- [REQUIREMENT] Omit all pictures and transcribe only the lines in the entries below that run from the line with "Celebrating 10 years with a golf outing" through the line with "Components 323 - Handmade".

- [EXTRACTED MATERIAL]
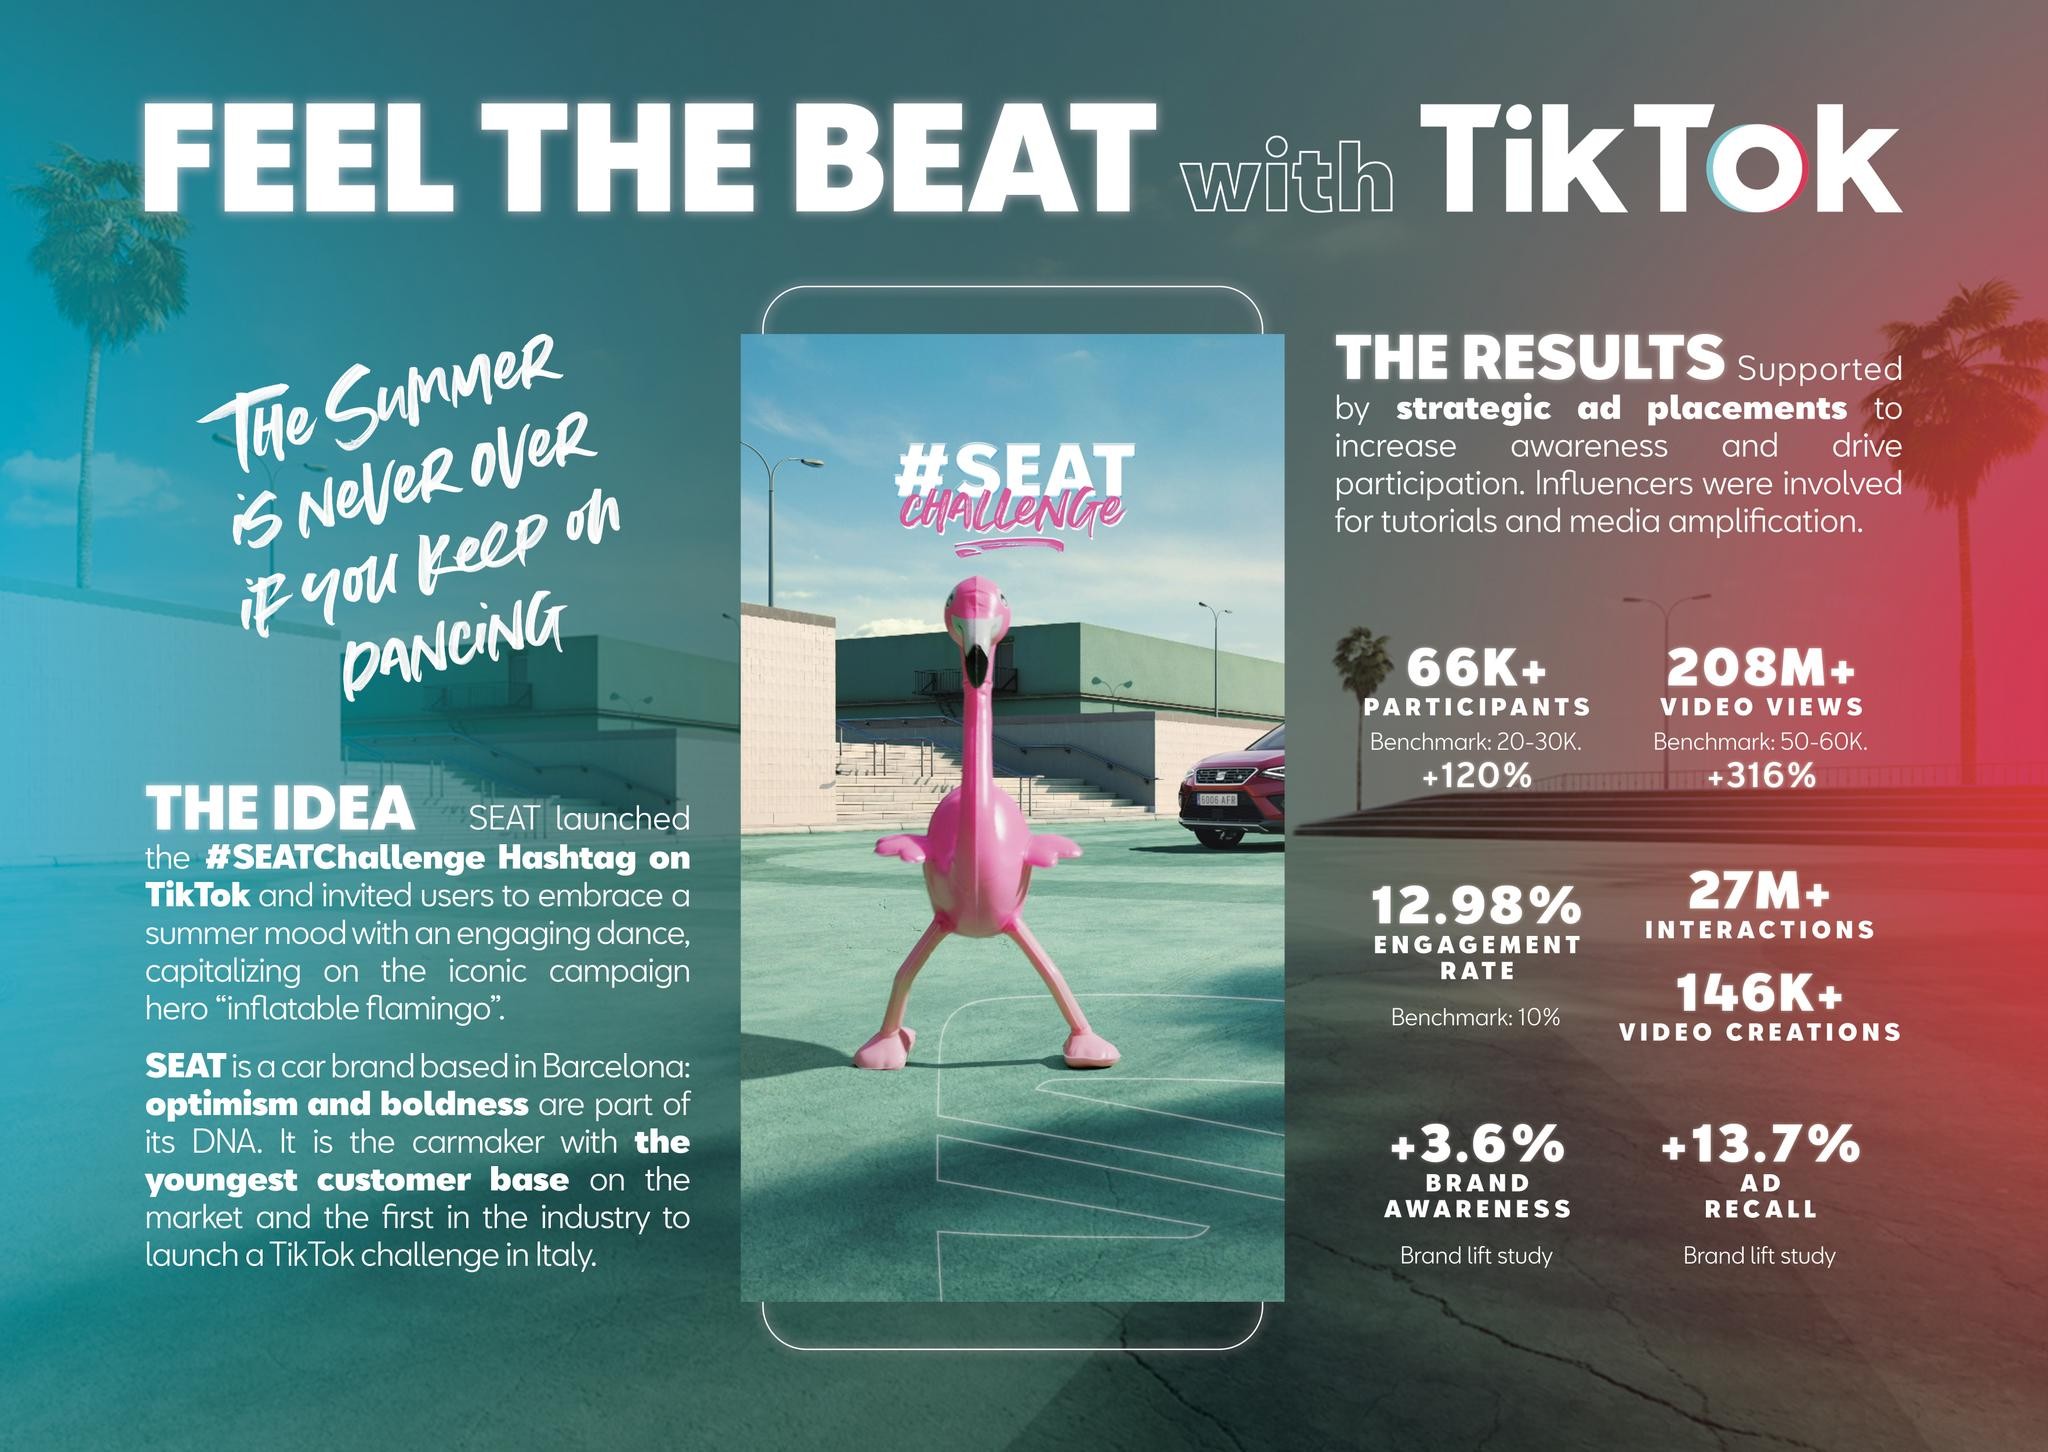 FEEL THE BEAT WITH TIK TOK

---

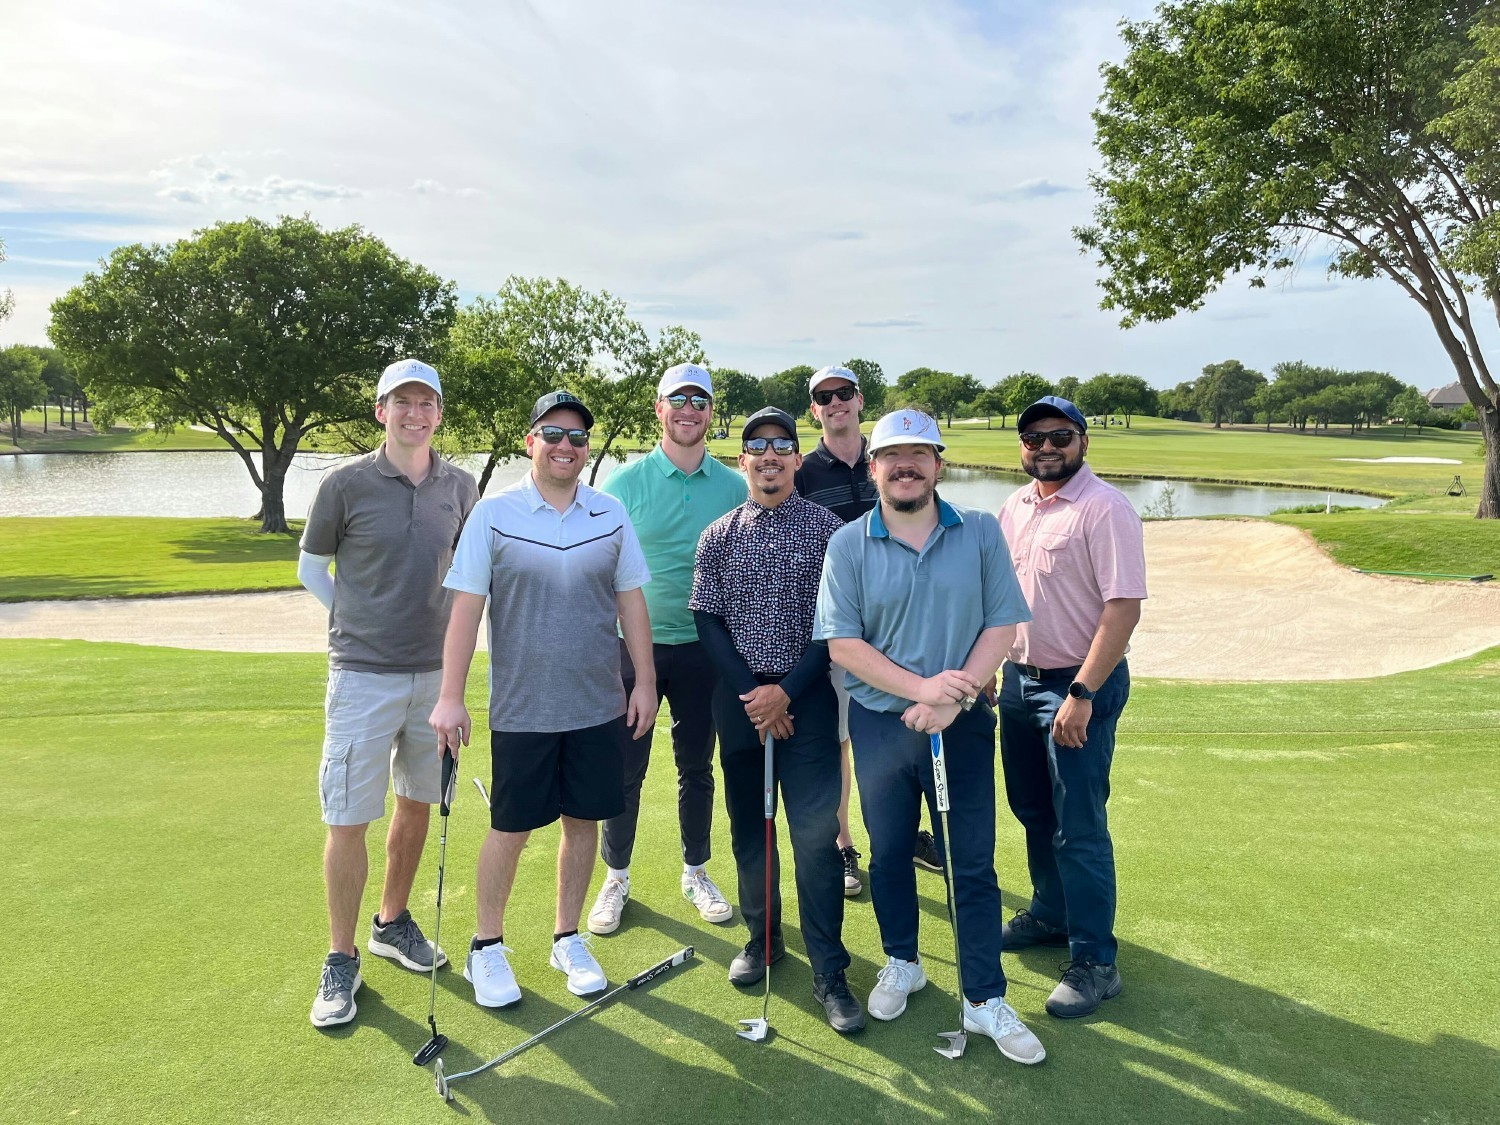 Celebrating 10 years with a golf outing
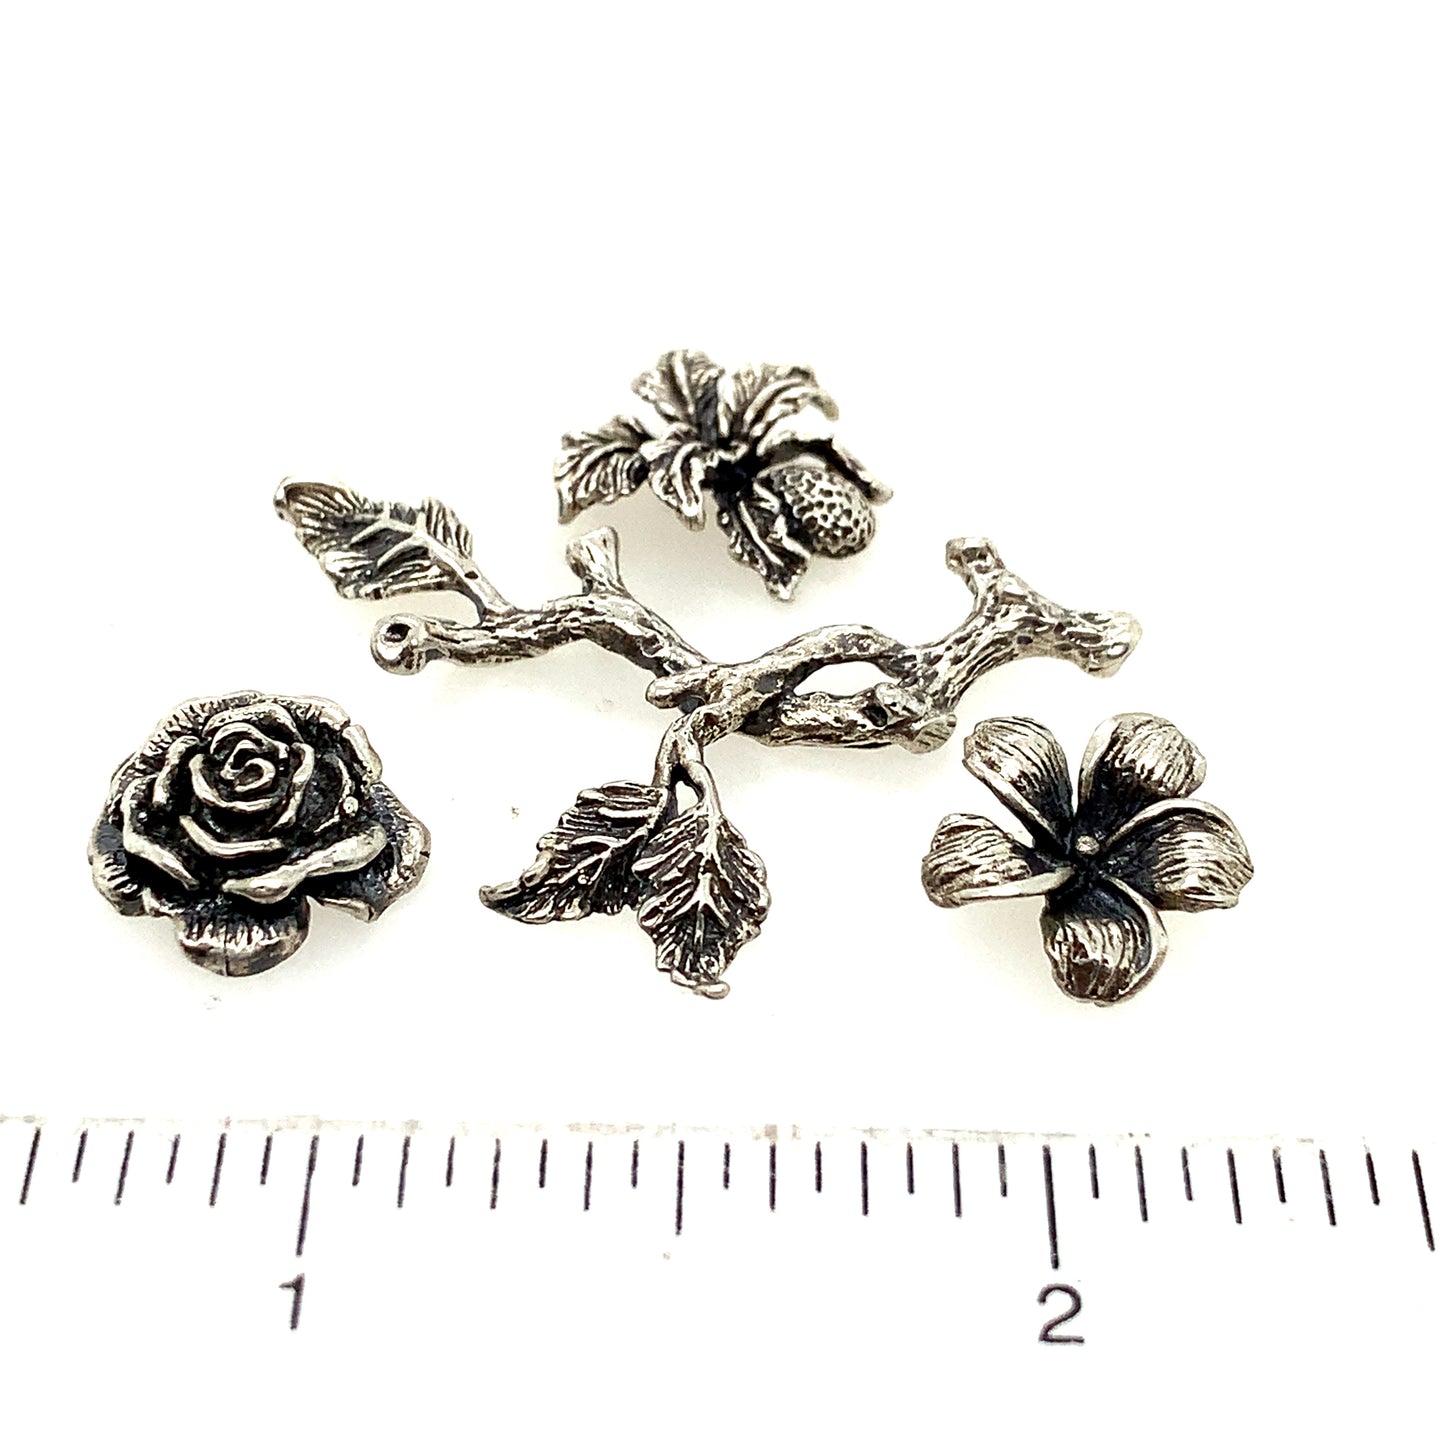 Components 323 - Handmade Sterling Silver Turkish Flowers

- [SOLUTION TO THIS PROBLEM]
 Celebrating 10 years with a golf outing
 Components 323 - Handmade Sterling Silver Turkish Flowers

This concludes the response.